Monday, April 13, 2015

screams

KFAR HAROEH, Israel (AP) — When David Hershkoviz was a child, he used to wake up in the middle of the night to the sound of his mother screaming in her sleep, knowing that she was reliving the horrors of the Holocaust....
When his mother, Mindel, died two years ago, he wanted to carry on her legacy by bearing witness to the Holocaust. He found help in a first-of-its-kind course teaching the children of Holocaust survivors how to ensure their parents' stories live on.
So many years later, the vile deliberateness of the human capacity called the Holocaust lives on. Or anyway there are attempts to make it live on in the consciousness of those who never faced such a human blasphemy. The cruelty is unspeakable and thus there are the screams and the attempts to assure a legacy of remembrance and, perhaps, wisdom.

Screams... the sound that anyone can understand.

Anyone.

Again, I return in my mind to the screams in the night of those who have been placed within a human blasphemy and blast furnace. How many combat veterans rend the night with their screams? Will anyone assure that the understanding of their experience -- so deliberately couched in flag-draped policy decisions -- will live on and serve as a reminder? Are their screams less heart-felt and rending than those likewise placed in impossible circumstances ... the impossible circumstances that are all too possible?

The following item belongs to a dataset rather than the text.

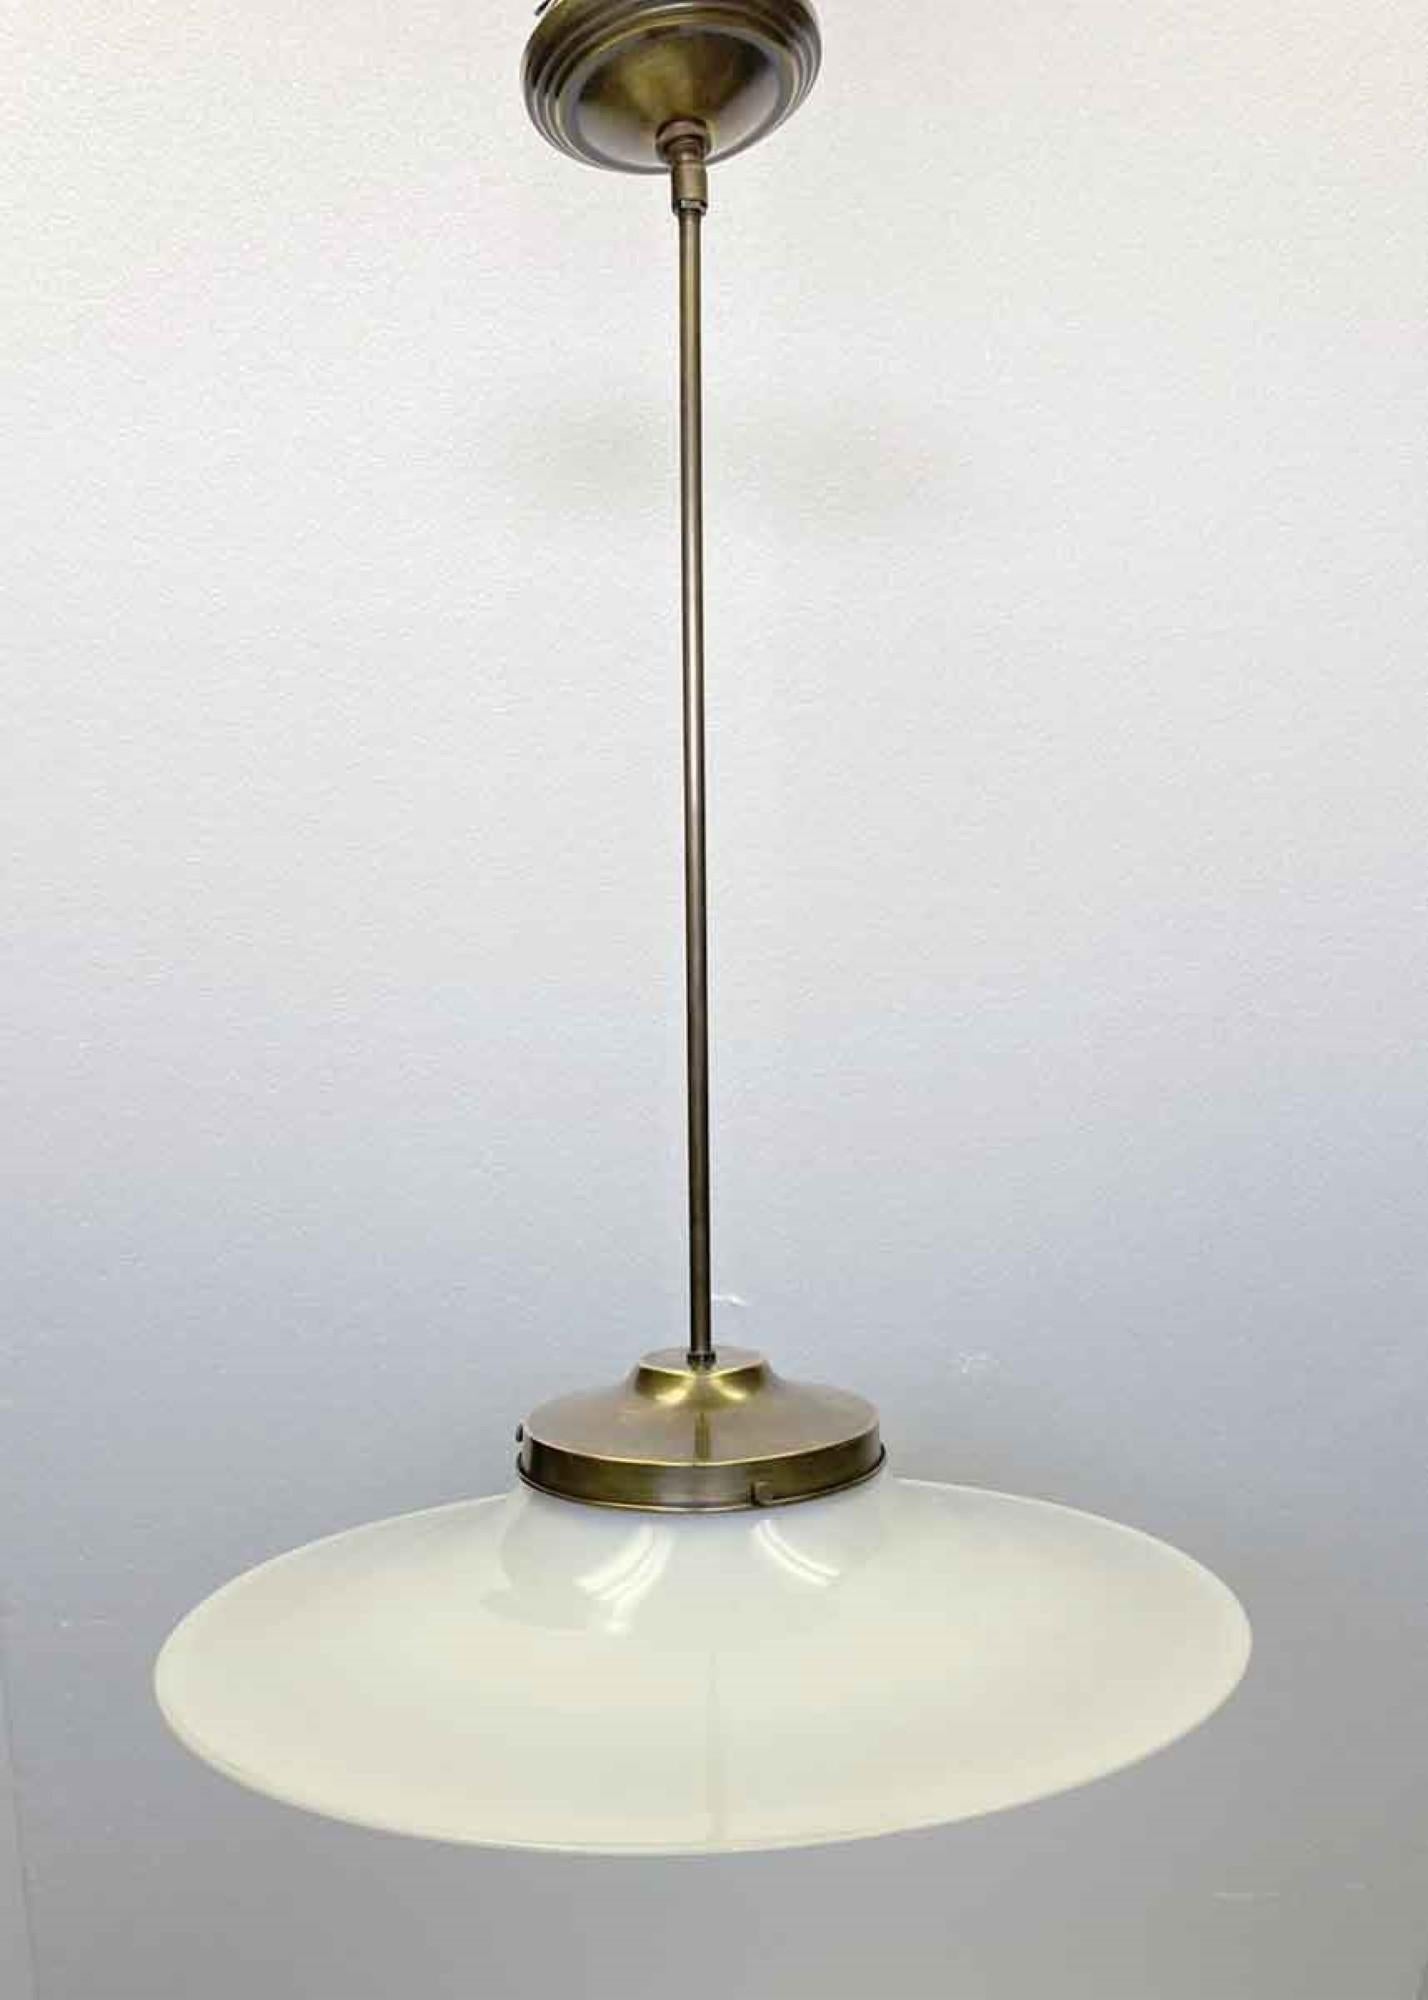 Original 1910s rare flat brim shaped white milk glass shade pictured with a newly configured and wired antique brass finished pole fixture. Forward looking design similar to the Mid-Century Modern styling that started to appear in the 1950s. Price

Don't give me excuses! Don't imagine that a flag or government can excuse the screams of a later day! Screaming in the night is ... is ... is ... inescapable and vile and 'beyond the pale.'

I am not trying to demean one thing at the expense of another. I am trying to say that screaming and the implications of those screams is vastly touching. Who, in a sane mind, would impose on others the circumstances that would leave those others screaming?

Holocaust? You bet. Whether at a distance or closer to home. The only way to lay claim to wisdom is the be wise.

1 comment:

  1. We build memorials and quietly drug the victims. Remembering the cause publicly would mess with recruitment.